Shareholding Structure
The table below sets forth the allocation of the Company’s share capital following the Global Offering, the Employee Offering (based on a capital increase for the Employee Offering of a maximum of
€1,053,206.40 (i.e., up to 53,085 shares)), the Sale to Altice, the Pechel/Five Arrows Sale, and the exercise of the options granted by Altice, Carlyle and Cinven to Cordial Consulting Ltd., assuming (i) no or (ii) full exercise of the Over-Allotment Option:
Before exercise of the Over-Allotment Option | After Exercise of the Over-Allotment Option | |||
---|---|---|---|---|
Shareholders | Number of shares | % of share capital and voting rights | Number of shares | $ of share capital and voting rights |
Altice (including shares deemed to be owned by Altice)(1) | 37,182,889 | 30% | 37,182,889 | 30% |
Carlyle Cable Investment SC | 33,927,497 | 27% | 32,612,630 | 26% |
Total of the Group acting in concert constituted by Altice, Carlyle and Cinven | 96,356,499 | 78% | 92,411,899 | 75% |
Fiberman S.C.A. | 1,137,154 | 1% | 1,137,154 | 1% |
Board members | 601 | 0% | 601 | 0% |
Public float | 26,350,420 | 21% | 30,295,020 | 24% |
Cordial Consulting Ltd. (2) | 98,285 | 0% | 98,285 | 0% |
Total | 123,942,959 | 100% | 123,942,959 | 100% |
(1) Including the call options granted by the Pechel Funds and the Five Arrows Funds, in accordance with Article L.233-9 of the French Commercial Code. | ||||
(2) Shares to be acquired upon exercise of the call option granted by Altice, Carlyle and Cinven to Cordial Consulting Ltd., an entity owned by Pierre Danon, former Chairman-CEO of the Group (98,285 shares at a price of |
Banking Syndicate
Deutsche Bank AG and J.P. Morgan Securities plc are acting as Joint Global Coordinators.

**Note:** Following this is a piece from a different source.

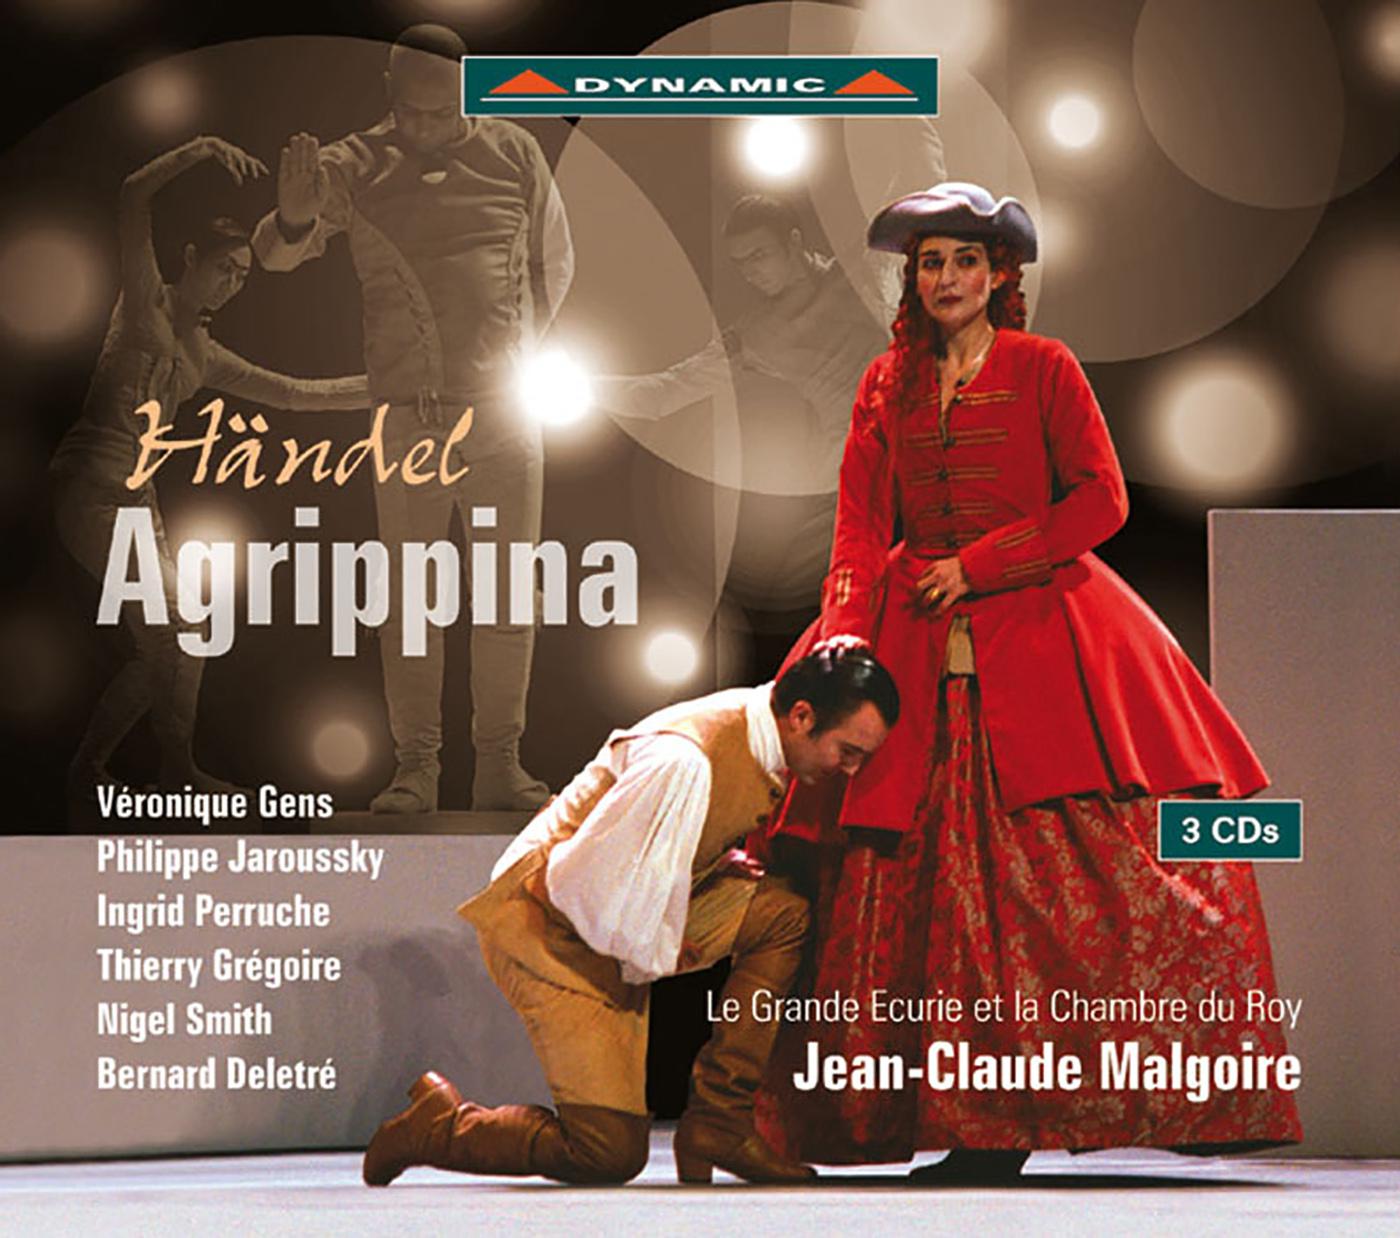 Jean-Claude Malgoire - Agrippina, HWV 6:Act I Scene 7: Amici, al sen vi stringo (Nerone) - Scene 8: Ecco chi presto (Pallante, Narciso) - Scene 9: Voi, che (Agrippina)

Crédit Agricole Corporate and Investment Bank, HSBC France and Morgan Stanley & Co.
International are acting as Joint Bookrunners.
Jefferies International Ltd, Nomura International plc and Oddo & Cie are acting as Joint LeadManagers.
Information available to the Public
Copies of the initial public offering prospectus (the “Prospectus”) approved by the AMF under visa number 13-572 on October 25, 2013, comprised of a Document de Base registered on September 18, 2013 under n°I.13-043, an update to the Document de Base filed with the AMF on October 25, 2013 under n°I.13-0888-A01 and a Note d’Opération (including a summary of the Prospectus) are available free of charge at the Company’s registered office and from financial intermediaries, as well as on the websites of the AMF (www.amf-france.org) and of Numericable Group (www.numericable.com).
Numericable Group draws the public’s attention to Chapter 4 “Risk Factors” of the Document de Base and the update thereto registered with the AMF and Chapter 2 of the Note d’Opération. These risks may have a material adverse effect on the Group, its business, financial condition, results of operations or growth prospects as well as on the market price of Numericable Group’s shares once listed on Euronext Paris.